Aim of the exercise
Every line of the data below should be retyped exactly.

Dataset entries
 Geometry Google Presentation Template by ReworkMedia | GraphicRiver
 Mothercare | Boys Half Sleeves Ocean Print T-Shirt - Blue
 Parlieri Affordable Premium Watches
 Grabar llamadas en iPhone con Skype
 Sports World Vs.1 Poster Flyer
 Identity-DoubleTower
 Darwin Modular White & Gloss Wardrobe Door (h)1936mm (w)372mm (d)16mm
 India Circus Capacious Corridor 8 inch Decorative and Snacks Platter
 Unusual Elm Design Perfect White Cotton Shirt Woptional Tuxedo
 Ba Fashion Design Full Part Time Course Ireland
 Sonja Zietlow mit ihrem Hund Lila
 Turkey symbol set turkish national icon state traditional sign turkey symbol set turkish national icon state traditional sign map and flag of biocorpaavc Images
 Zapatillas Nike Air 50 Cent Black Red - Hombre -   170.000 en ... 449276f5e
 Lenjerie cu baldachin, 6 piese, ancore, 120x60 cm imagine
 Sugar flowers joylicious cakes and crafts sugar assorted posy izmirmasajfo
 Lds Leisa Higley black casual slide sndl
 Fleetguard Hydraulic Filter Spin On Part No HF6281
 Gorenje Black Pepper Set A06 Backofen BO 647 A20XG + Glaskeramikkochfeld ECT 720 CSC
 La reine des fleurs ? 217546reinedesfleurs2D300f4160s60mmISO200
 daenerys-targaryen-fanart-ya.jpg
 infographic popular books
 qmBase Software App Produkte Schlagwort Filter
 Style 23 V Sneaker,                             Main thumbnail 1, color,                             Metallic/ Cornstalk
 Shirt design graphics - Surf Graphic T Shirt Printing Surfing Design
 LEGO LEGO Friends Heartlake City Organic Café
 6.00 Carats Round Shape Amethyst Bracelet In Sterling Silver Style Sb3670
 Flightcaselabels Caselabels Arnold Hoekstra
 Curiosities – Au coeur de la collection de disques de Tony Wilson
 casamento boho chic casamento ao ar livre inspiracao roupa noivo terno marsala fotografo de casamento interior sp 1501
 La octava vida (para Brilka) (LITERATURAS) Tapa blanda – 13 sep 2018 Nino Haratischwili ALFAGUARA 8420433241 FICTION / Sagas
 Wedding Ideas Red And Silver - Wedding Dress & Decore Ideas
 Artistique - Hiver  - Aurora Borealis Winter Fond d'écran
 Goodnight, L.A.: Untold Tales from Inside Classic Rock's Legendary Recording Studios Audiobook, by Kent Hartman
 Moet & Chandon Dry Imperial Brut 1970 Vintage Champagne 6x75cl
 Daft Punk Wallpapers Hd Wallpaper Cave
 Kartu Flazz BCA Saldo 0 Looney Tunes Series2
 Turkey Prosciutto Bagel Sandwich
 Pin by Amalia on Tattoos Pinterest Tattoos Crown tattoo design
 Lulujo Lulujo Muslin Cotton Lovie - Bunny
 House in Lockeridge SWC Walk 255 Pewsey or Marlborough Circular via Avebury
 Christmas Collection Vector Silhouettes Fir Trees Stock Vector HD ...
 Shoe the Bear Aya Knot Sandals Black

Finished exercise
 Geometry Google Presentation Template by ReworkMedia | GraphicRiver
 Mothercare | Boys Half Sleeves Ocean Print T-Shirt - Blue
 Parlieri Affordable Premium Watches
 Grabar llamadas en iPhone con Skype
 Sports World Vs.1 Poster Flyer
 Identity-DoubleTower
 Darwin Modular White & Gloss Wardrobe Door (h)1936mm (w)372mm (d)16mm
 India Circus Capacious Corridor 8 inch Decorative and Snacks Platter
 Unusual Elm Design Perfect White Cotton Shirt Woptional Tuxedo
 Ba Fashion Design Full Part Time Course Ireland
 Sonja Zietlow mit ihrem Hund Lila
 Turkey symbol set turkish national icon state traditional sign turkey symbol set turkish national icon state traditional sign map and flag of biocorpaavc Images
 Zapatillas Nike Air 50 Cent Black Red - Hombre -   170.000 en ... 449276f5e
 Lenjerie cu baldachin, 6 piese, ancore, 120x60 cm imagine
 Sugar flowers joylicious cakes and crafts sugar assorted posy izmirmasajfo
 Lds Leisa Higley black casual slide sndl
 Fleetguard Hydraulic Filter Spin On Part No HF6281
 Gorenje Black Pepper Set A06 Backofen BO 647 A20XG + Glaskeramikkochfeld ECT 720 CSC
 La reine des fleurs ? 217546reinedesfleurs2D300f4160s60mmISO200
 daenerys-targaryen-fanart-ya.jpg
 infographic popular books
 qmBase Software App Produkte Schlagwort Filter
 Style 23 V Sneaker,                             Main thumbnail 1, color,                             Metallic/ Cornstalk
 Shirt design graphics - Surf Graphic T Shirt Printing Surfing Design
 LEGO LEGO Friends Heartlake City Organic Café
 6.00 Carats Round Shape Amethyst Bracelet In Sterling Silver Style Sb3670
 Flightcaselabels Caselabels Arnold Hoekstra
 Curiosities – Au coeur de la collection de disques de Tony Wilson
 casamento boho chic casamento ao ar livre inspiracao roupa noivo terno marsala fotografo de casamento interior sp 1501
 La octava vida (para Brilka) (LITERATURAS) Tapa blanda – 13 sep 2018 Nino Haratischwili ALFAGUARA 8420433241 FICTION / Sagas
 Wedding Ideas Red And Silver - Wedding Dress & Decore Ideas
 Artistique - Hiver  - Aurora Borealis Winter Fond d'écran
 Goodnight, L.A.: Untold Tales from Inside Classic Rock's Legendary Recording Studios Audiobook, by Kent Hartman
 Moet & Chandon Dry Imperial Brut 1970 Vintage Champagne 6x75cl
 Daft Punk Wallpapers Hd Wallpaper Cave
 Kartu Flazz BCA Saldo 0 Looney Tunes Series2
 Turkey Prosciutto Bagel Sandwich
 Pin by Amalia on Tattoos Pinterest Tattoos Crown tattoo design
 Lulujo Lulujo Muslin Cotton Lovie - Bunny
 House in Lockeridge SWC Walk 255 Pewsey or Marlborough Circular via Avebury
 Christmas Collection Vector Silhouettes Fir Trees Stock Vector HD ...
 Shoe the Bear Aya Knot Sandals Black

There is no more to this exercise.